Dolores laughed at him: a low, throaty little laugh that went clear to his brain and set it on fire again. Yet, nerving himself against her, he stood erect, dagger in hand, and met the blaze of her dusky eyes bravely. He shivered violently when her rich voice thrilled his tingling ears.
"Hah, my Rupert, thou'rt not yet tamed. Let me show thee thy master!"

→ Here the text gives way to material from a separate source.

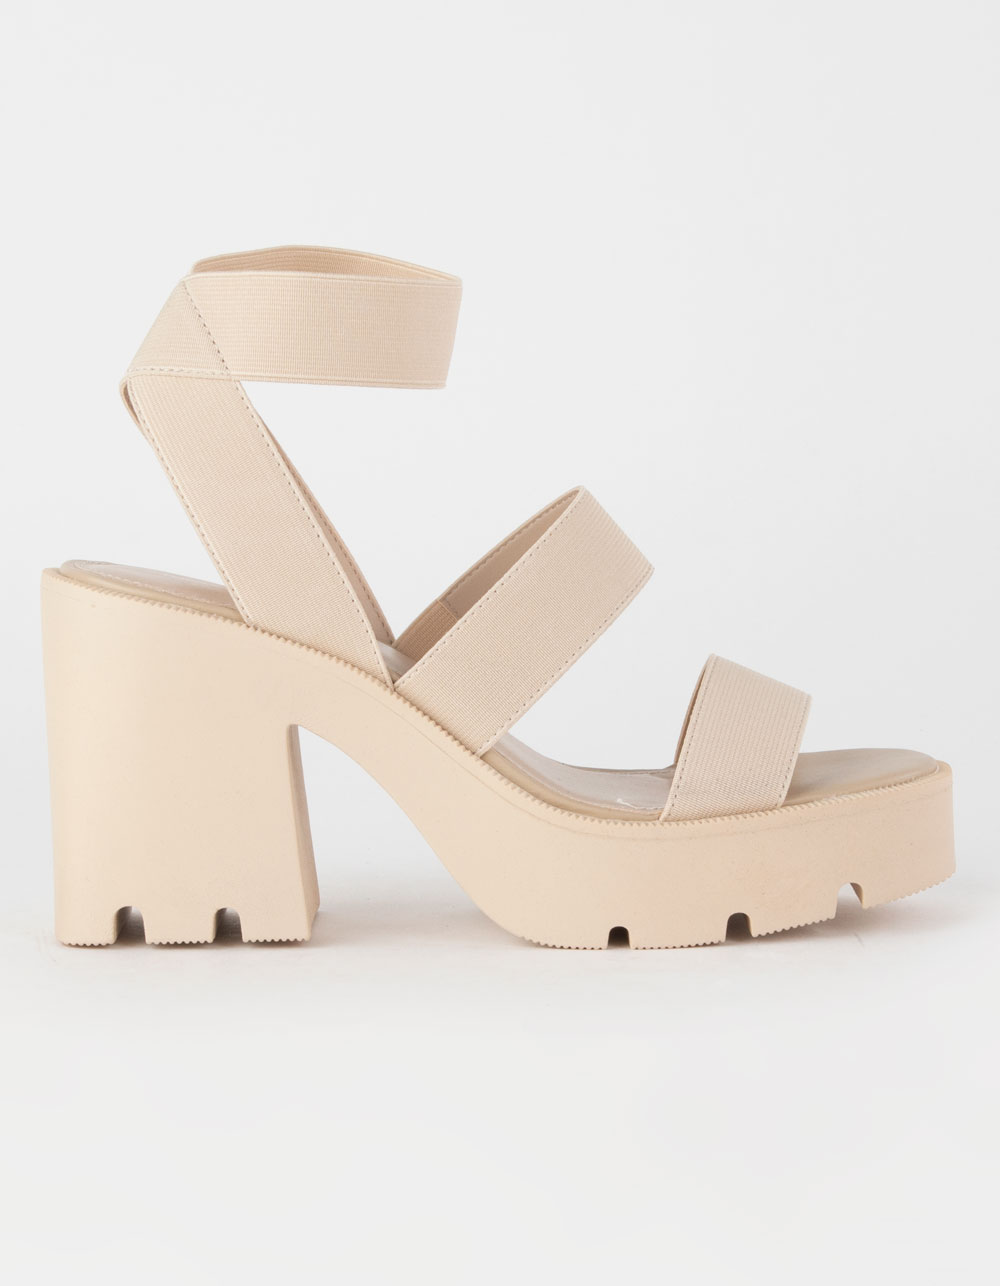 MADDEN GIRL Templee Womens Shoes - SAND | Tillys

With the words she reached him with her subtle, tigerish glide, swiftly, startlingly, and with the dart of a cobra her hand gripped his which held the dagger. Her warm body again pressed closely to him, her red lips, parted still, almost touched his cheek; her hair smothered him with its fragrance; and while his senses swam her supple muscles tensed to living steel wire, her grip tightened and twisted at his wrist, and the dagger was wrenched from his fingers. Then leaping back, laughing mockingly now, Dolores slipped the dagger into the sheath, snatched up the chains from the floor, and flew upon him with a deadly pounce that bore him back to the wall.

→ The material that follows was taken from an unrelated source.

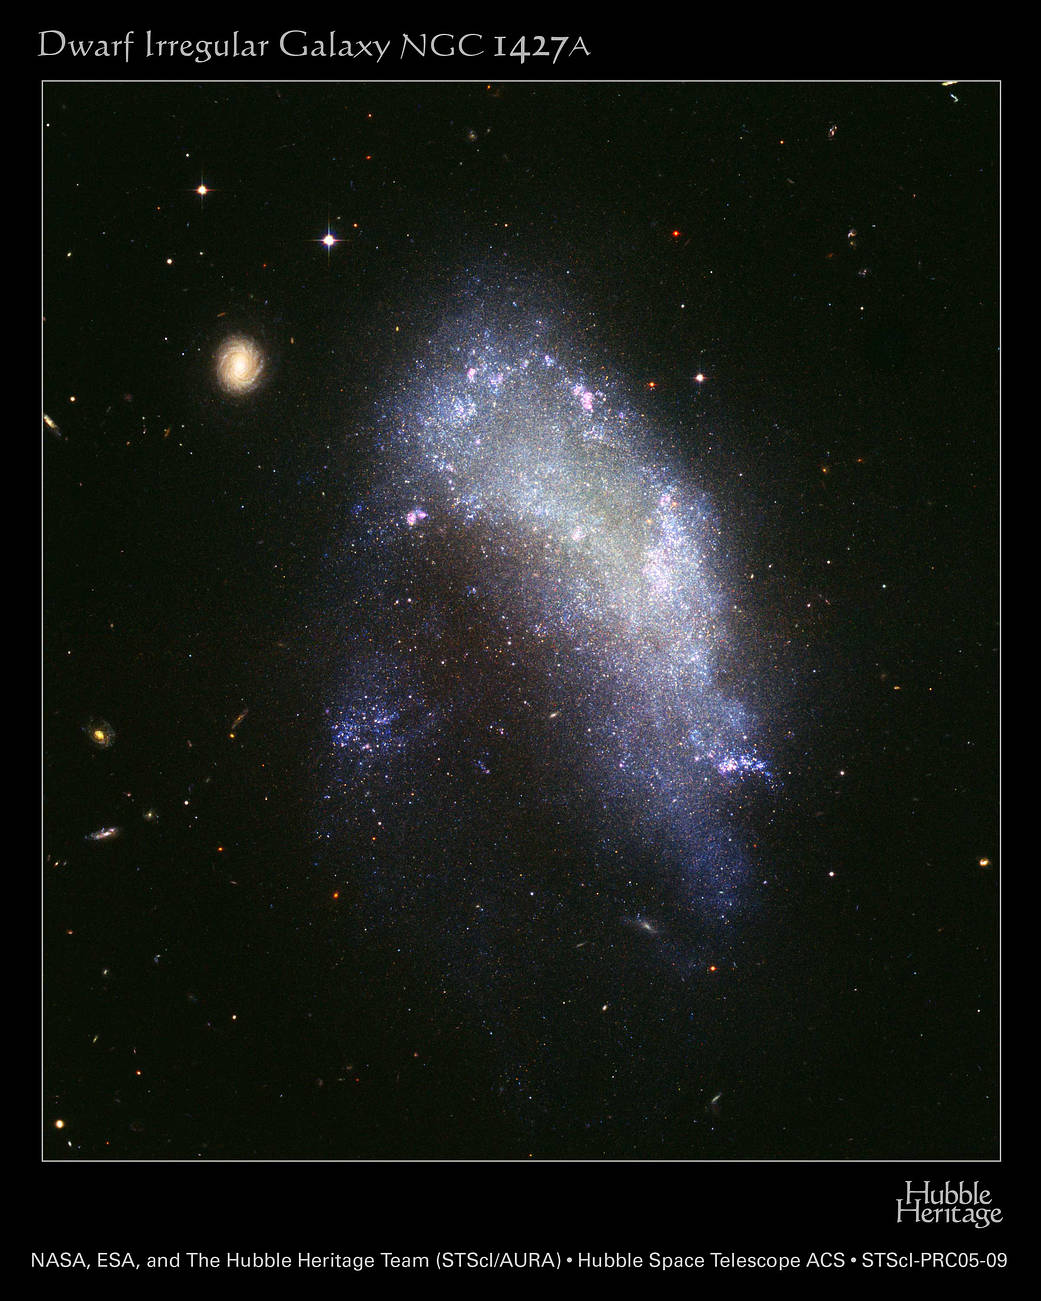 The Impending Destruction of NGC 1427A

Aroused from his numbness, Rupert Venner fought back furiously, humiliated, and ashamed. Whether he would or not, he forgot all his chivalry, and strove to meet this appalling woman with strength against strength; but in Dolores he met a thing of wire and whipcord where moments before had been a creature of warm softnesses; a being of feline agility, and devilish skill that reflected the devilish skill of her teacher, Milo. The chain-links tinkled and clashed against their swaying bodies, but she never let them fall; they hung from her girdle; her hands were free; and she had both his wrists in a grip that outrivaled the irons. Laughing, ever laughing, her hot breath playing over his face, she placed one foot behind one of his, surged toward him heavily, and, when his arms would have involuntarily gone out to preserve his footing, she subtly twisted them back and up from the elbows, until she rested against his chest with her bare arms tightly about his body.
Now her head, with the gold circlet about the brows, pressed hard against his chin. Her hair was in his mouth, tendrils of it stung his eyes, but the gold band numbed his flesh and bruised the bone. Upward, ever upward, she forced his chin until his neck was cracking with the strain and he choked for breath. Then she suddenly relaxed. Her arms left him, her wickedly lovely face once more smiled into his starting eyes, and she took the chain from her girdle with leisurely swiftness, falling to her knees at his feet.
"There, my friend, thou art back in thy place!" she said, snapping on his ankle irons. "Spend the night in thought, good Rupert. To-morrow I shall come to thee again for thy decision. Now, pleasant dreams, my--lover!" she whispered, suddenly slipping her arms about his neck again and pulling his head hard against her panting breast. She softly kissed his hair, then pressed back his head and kissed his lips long and passionately.
"Good night, beloved!" she said, and passed out of the room, leaving behind the echoes of a rippling little laugh that set Venner's blood to leaping.